Der EGMR versteht die von dem ,,Prozeßvertreter“ auf Grund seiner (des EGMR)
Aufforderung an die Bundesregierung abgegebenen Stellungnahmen im Namen der
Republik als Stellungnahmen der österreichischen Bundesregierung („observations
of the government").
Art. 65 (1) B - VG bestimmt, dass der Bundespräsident die Republik nach außen
vertritt.
Die unterfertigten Abgeordneten stellen daher folgende
ANFRAGE:
1. Auf welcher (verfassungsrechtlichen) Rechtsgrundlage allenfalls auf welchem
Rechtsakt, beruht die Vertretungsbefugnis des ,,Prozessvertreters" der Republik
Österreich vor dem
EGMR?
2. Wer hat den ,,Prozessvertreter" mit der Vertretung der Republik Österreich vor
dem EGMR wann durch welchen Akt beauftragt und bevollmächtigt, die
Republik vor dem EGMR zu vertreten?
a. Wie ist dies mit Art. 65(1) B-VG vereinbar?

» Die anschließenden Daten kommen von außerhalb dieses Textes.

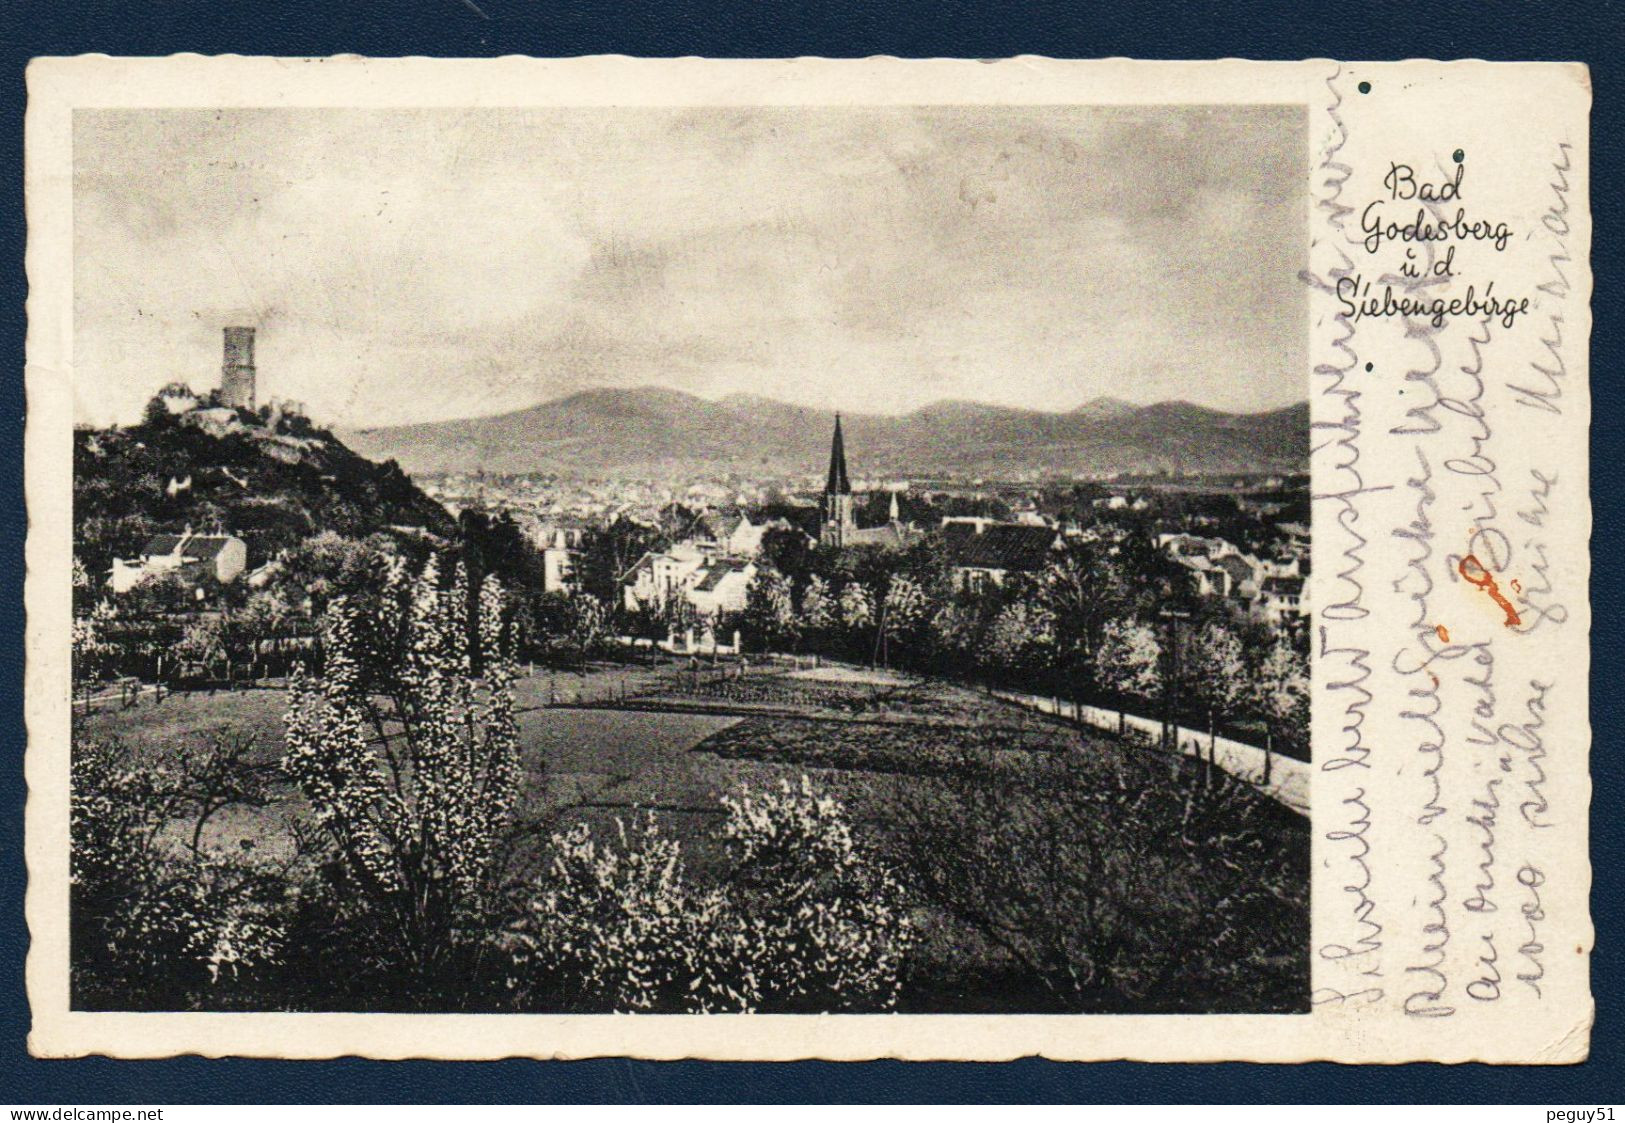 Allemagne. Bad Godesberg U.d.Siebengebirge. Ruines Du Château De Godesburg Et église Catholique Ste.Marie. 1936 - Bonn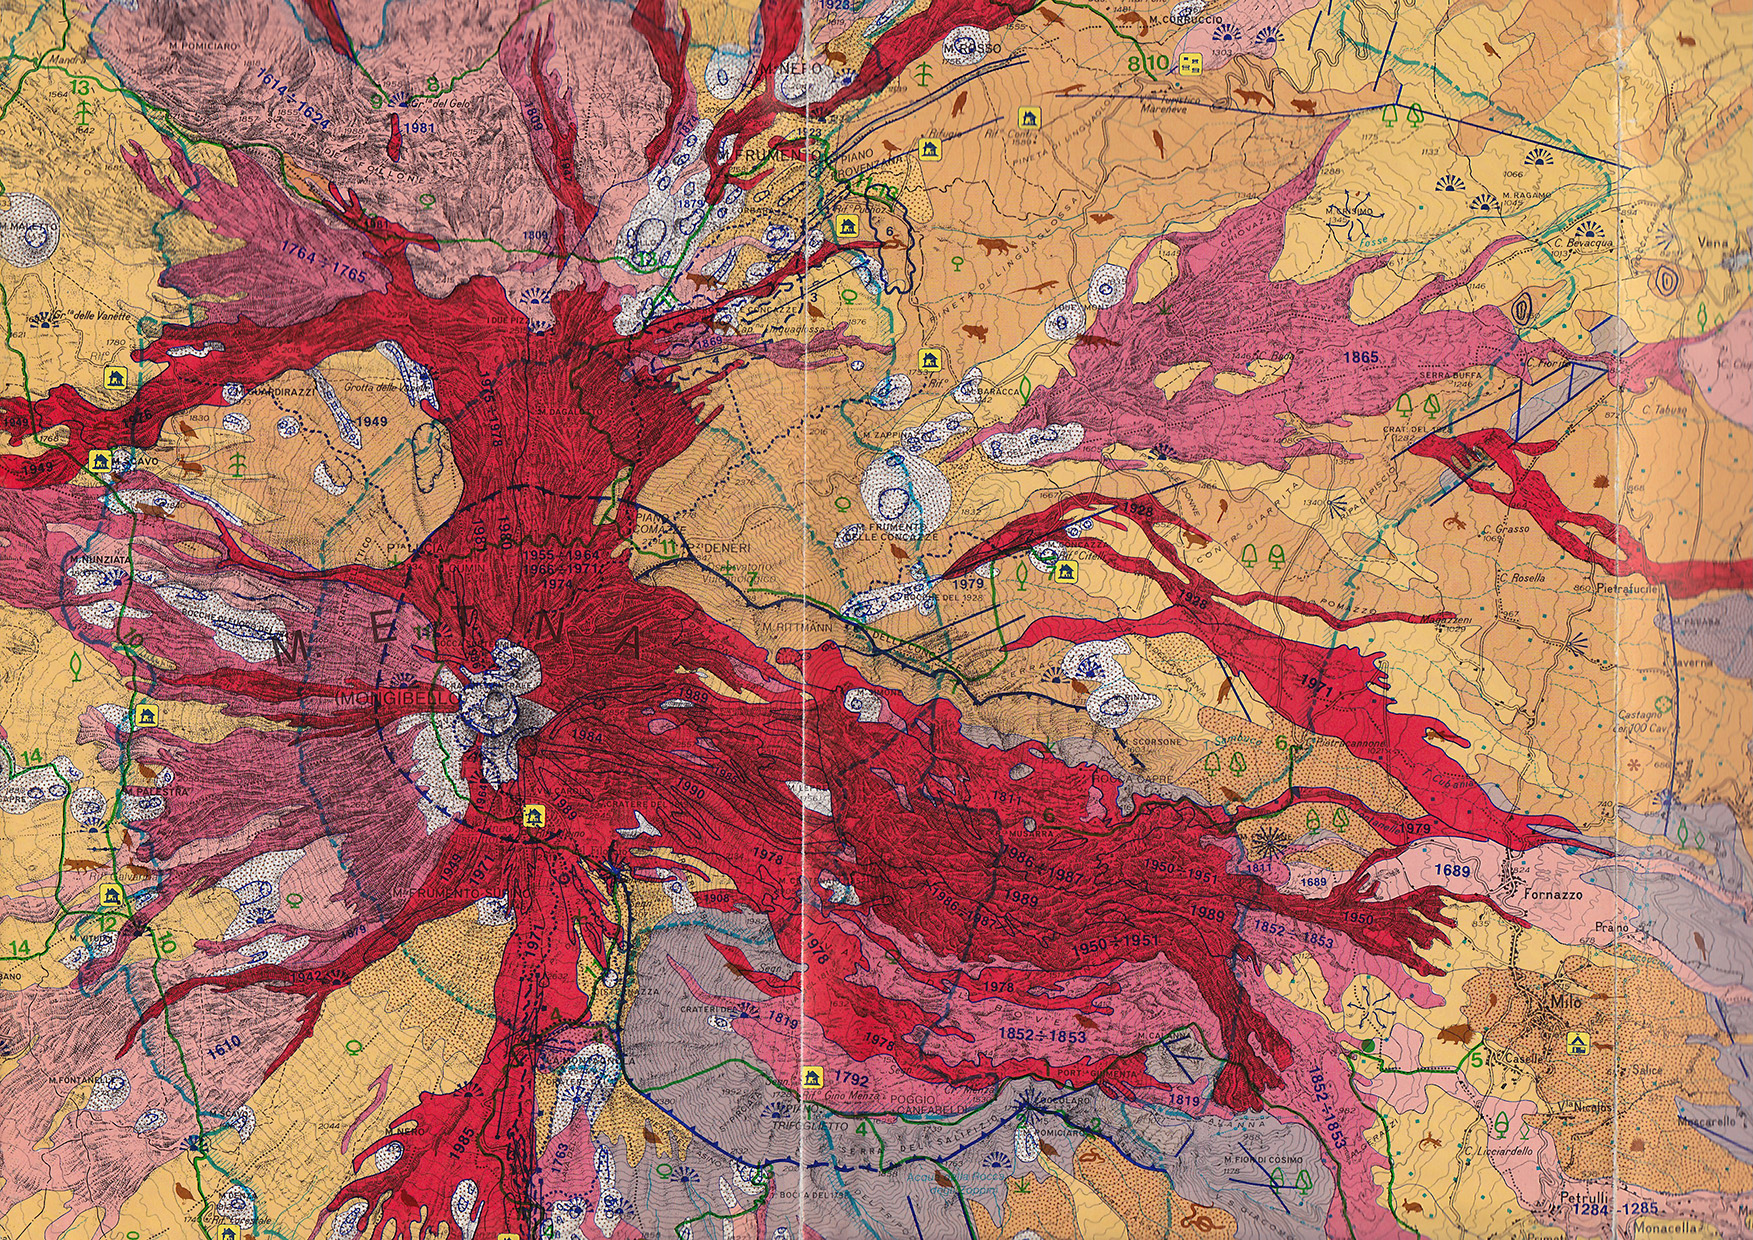 Részlet az Etna geológiai térképéről (S.E.L.C.A. Firenze)

3. Wieso unterliegt der ,,Prozessvertreter" keiner Verpflichtung, hinsichtlich seiner
Vertretungshandlungen, insbesondere meritorischer Stellungnahmen zu
Beschwerden gegen die Republik, die Bundesregierung oder ein anderes
verfassungsmäßiges oberstes Organ zu konsultieren und dessen Zustimmung
einzuholen?
4. Wieso unterliegt der ,,Prozessvertreter" einer Verpflichtung im Sinne der Frage
3. nicht zumindest in Verfahren vor dem EGMR, in denen die
Konventionswidrigkeit eines Gesetzes oder einer Verordnung geltend gemacht
wird?
5. Worin liegt die sachliche Rechtfertigung für die unterschiedliche Vorgansweise
in Gesetzes - und Verordnungsprüfungsverfahren vor dem
Verfassungsgerichtshof, in denen die Stellungnahmen der Regierung eines
Ministerratsbeschlusses bedürfen, einerseits und Verfahren vor dem EGMR, in
denen die Konventionswidrigkeit eines Gesetzes oder einer Verordnung geltend
gemacht wird, andererseits?
6. Halten Sie es mit der verfassungsmäßigen Verantwortung der obersten Organe
der Vollziehung vereinbar, dass einem ,,Prozessvertreter" volle (inhaltliche)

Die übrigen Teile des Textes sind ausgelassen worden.